Deme un pedazo de queso fresco, maitra.
Nadie parece notar que una y otra y otra vez la narrativa de las mujeres acusadas de homicidio --no de aborto, ni lo quiera Dios-- en contra de sus fetos tiene como escenario brutalista y vulgar el baño público. No es uno con pastillitas olor lavanda tropical, toallas suavecitas gracias al poder del Suavitel Adiós al Planchado ni duchas con control de temperatura, no. Son fosas sépticas. Estas mujeres-monstruo, inmorales, capaces de matar a sus propios hijos, suelen tener como escenario el piso de tierra, la pared de bahareque, las lombrices reptando al fondo de la fosa.
Las asesinas descaradas avientan a sus fetos inocentes sobre la mierda porque ellas mismas son una mierda. Se desangran sobre el piso, bajo la lámina ardiente, porque así Dios las castiga. Hay algo en común en todos estos relatos, sí. Aquella lejana vocación de la tragedia de la Antigua Grecia: lo que ahí se muestra, en la transmisión en vivo de Teledós, en la cobertura de la ultracatólica prensa impresa y de la esquina más amarillista de la prensa digital, es una historia que busca impartir moral. Castigos por hibris. Fábulas. Es la letrina el escenario, el signo principal de la inmoralidad sexual de las mujeres pobres.
Las de clase media, con acceso a seguro social o privado, con alguna noción de cómo les funciona el cuerpo, no paren nunca fetos muertos en el baño. Les ponen franelitas rosas que huelen a cloro, las acuestan en una camilla y un obstetra que nunca no las trata como idiotas les dice en el tono más parsimonioso posible que lo siente mucho, pero como ya les había avisado en el control de los seis meses, su niñito vino mal. Recemos por su alma. Llame a su marido.
Las de clase alta, por supuesto, ni se lo piensan. Toma cuatro horas manejar a Guatemala. Cuesta mil quetzales la consulta en la Zona 12. A la salida, pasan a cenar a Cayalá, se toman selfies con los falsos edificios europeoides y al día siguiente están listas y frescas para irse de nuevo a misionar con el Opus Dei.
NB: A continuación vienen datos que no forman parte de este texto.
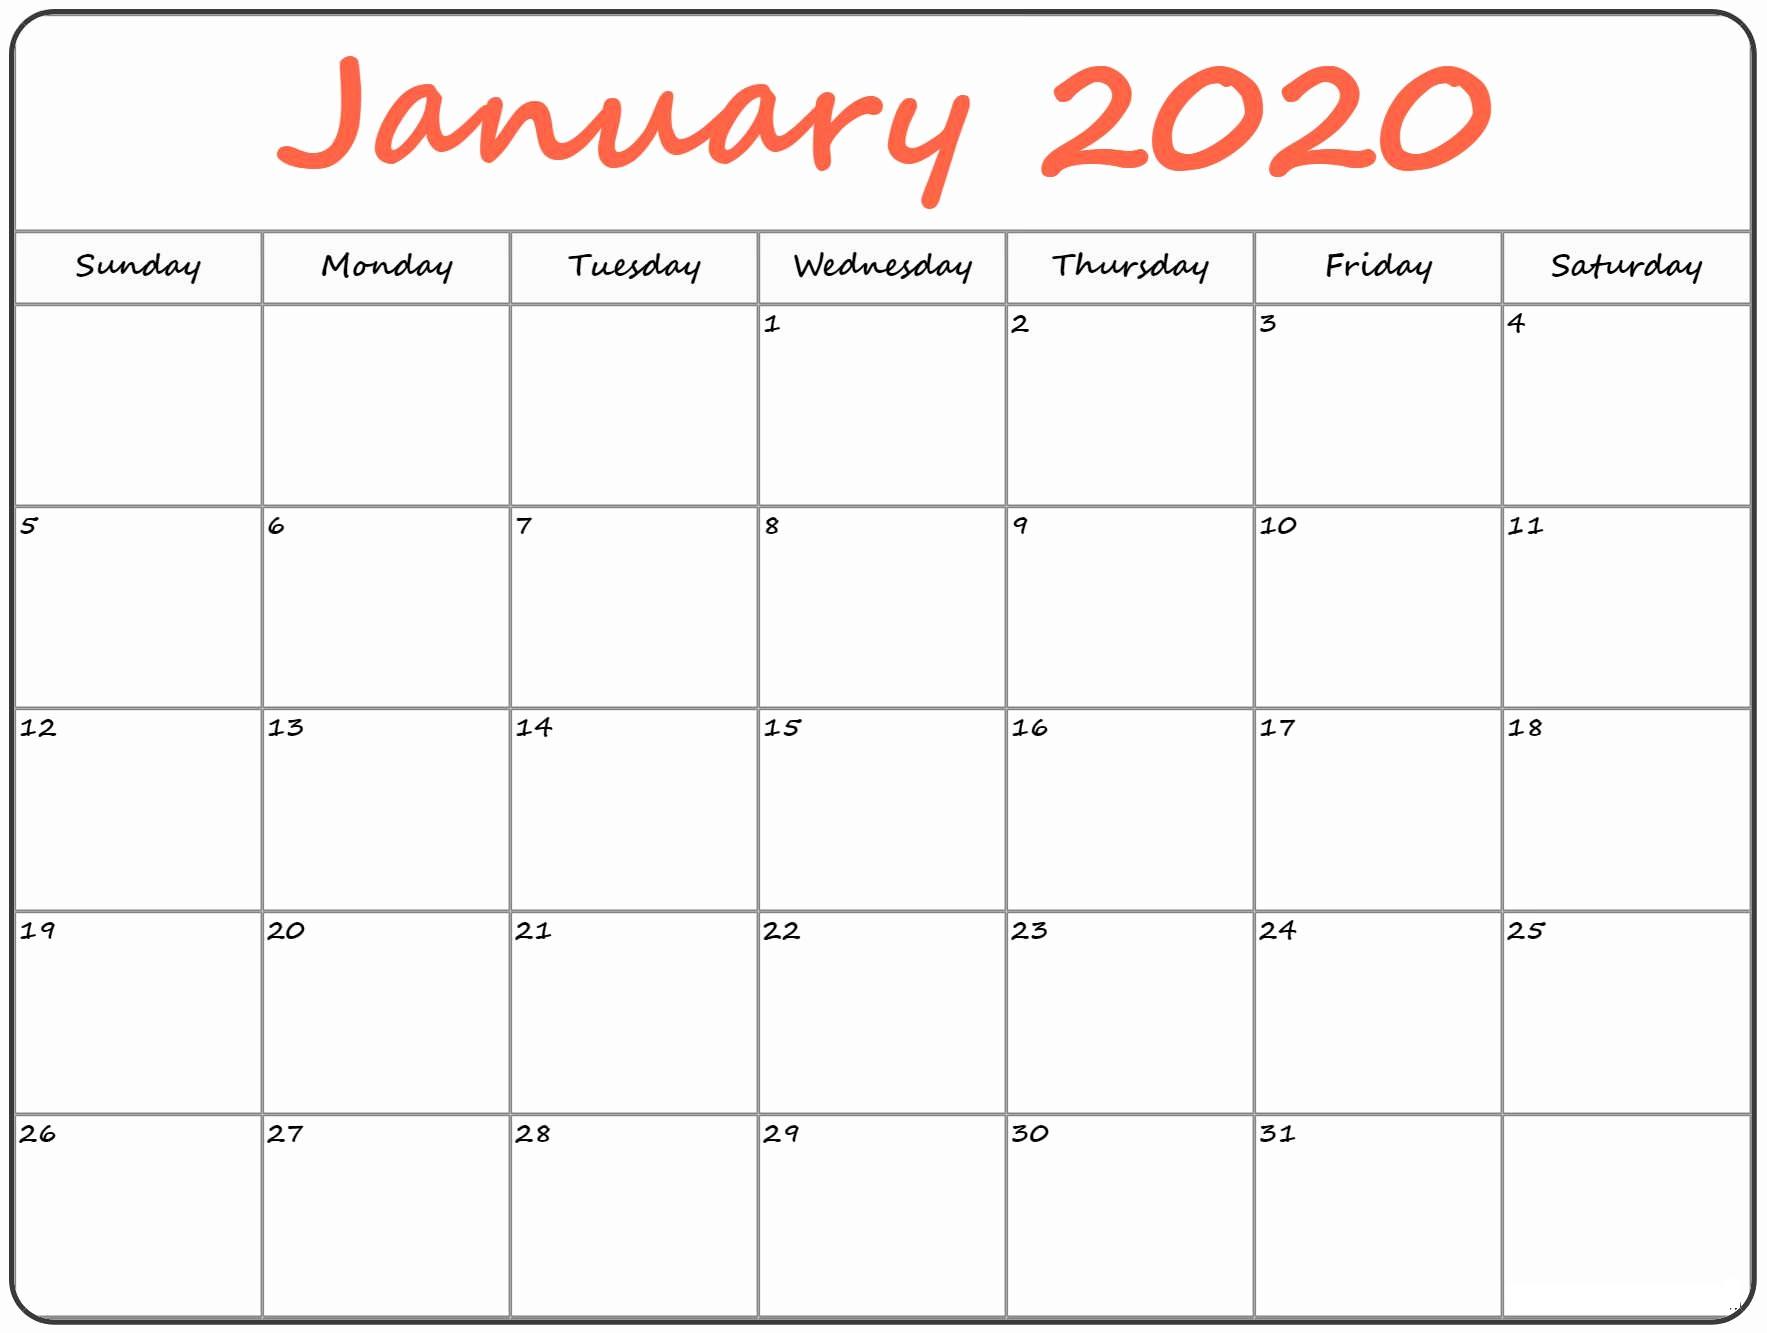 Cute January 2020 Calendar For Classroom Management | Free

Evelyn también fue violada. Tiene 19 años. Esta es la parte donde digo que la violó un pandillero en la zona rural de Cuscatlán. Tenía un embarazo de seis meses y lo perdió. Esas cosas pasan. Evelyn no dejaba de sangrar en la letrina de su casa. Su mamá logró llevarla al hospital de Cojutepeque en abril de 2016.
Una jueza, seguramente obsesionada con no saber leer, descartó el testimonio de ambas, quién sabe por qué. Ha condenado a Evelyn a 30 años de cárcel por ser pobre, por haber sido violada por una estructura criminal formada por muchachos pobres que creen que se repondrán de la sistemática negación de su dignidad controlando, imponiendo, dominando el territorio y todo lo que se muera sobre él.
La jueza, les juro, nunca ha meado en una letrina.